# 3.d RAG as subagent

In this notebook you will see
- How to have the RAG as an agent called by another agent (avoid having to explain to the main agent how to interpret the sources)

Again, a lot of improvements could be imagined there.

What we did in previous sections is reused.

# Setup

In [6]:
import os
from typing import Any
import re
import shutil

from docling.document_converter import DocumentConverter

from conversational_toolkit.vectorstores.chromadb import ChromaDBVectorStore
from conversational_toolkit.llms.base import LLMMessage, Roles
from conversational_toolkit.tools.base import Tool
from conversational_toolkit.agents.tool_agent import ToolAgent
from conversational_toolkit.agents.base import QueryWithContext
from conversational_toolkit.embeddings.openai import OpenAIEmbeddings
from conversational_toolkit.llms.openai import OpenAILLM
from conversational_toolkit.chunking.base import Chunk

from utils.specific_chunker import SpecificCharChunker

In [7]:
path_to_docs = "data/docs"
path_to_document = os.path.join(path_to_docs, "alexnet_paper.pdf")

path_to_db = "data/db"
path_to_vectorstore = os.path.join(path_to_db, "example.db")

In [8]:
doc_converter = DocumentConverter()

conv_res = doc_converter.convert(path_to_document)
md = conv_res.document.export_to_markdown()

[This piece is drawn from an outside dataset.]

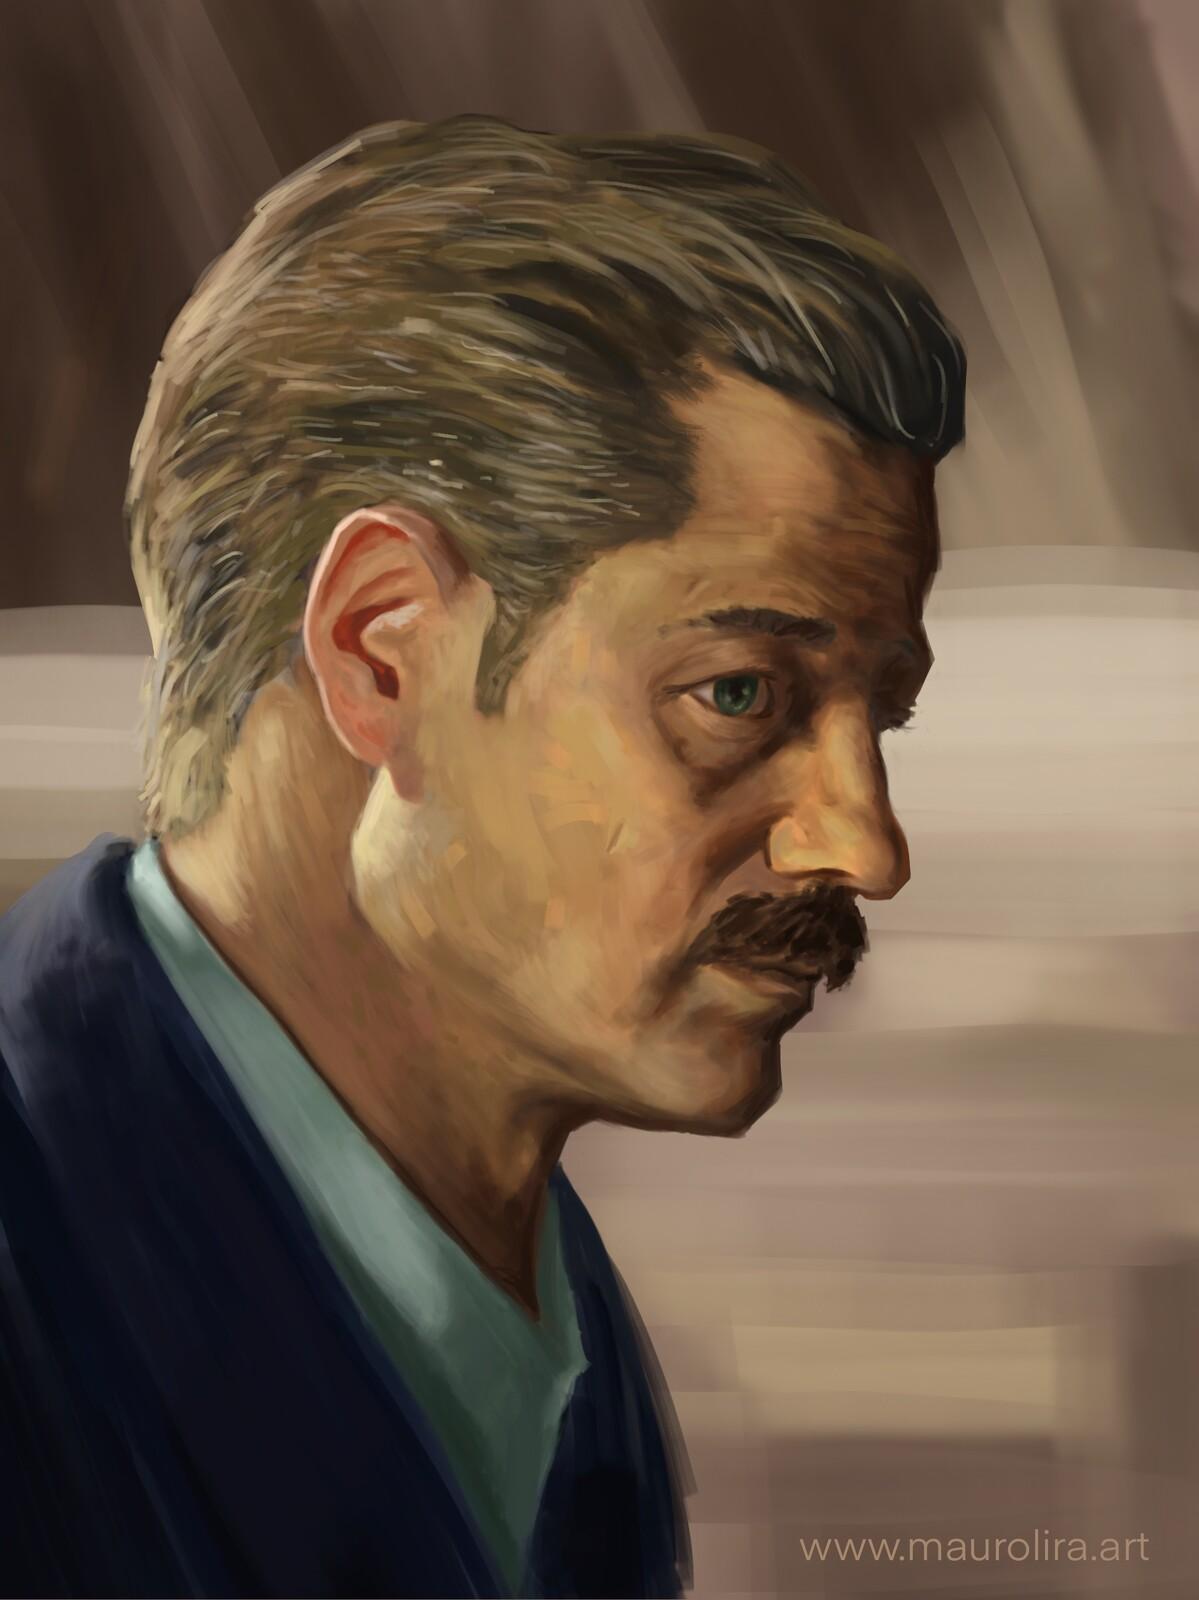 James Gordon Painting

# replace \n per " ", as often just new lines
md = re.sub(r"(?<!\n)\n(?!\n)", " ", md)

doc_title_to_document = {"alexnet_paper.pdf": md}

chunker = SpecificCharChunker()
chunks = chunker.make_chunks(
    split_characters=["\n\n\n", "\n\n", "\n"],
    document_to_text=doc_title_to_document,
    max_number_of_characters=1024,
)

if os.path.exists(path_to_vectorstore):
    shutil.rmtree(path_to_vectorstore)
embedding_model = OpenAIEmbeddings(model_name="text-embedding-3-small")
embeddings = await embedding_model.get_embeddings([c.content for c in chunks])
vector_store = ChromaDBVectorStore(path_to_vectorstore)

await vector_store.insert_chunks(chunks=chunks, embedding=embeddings)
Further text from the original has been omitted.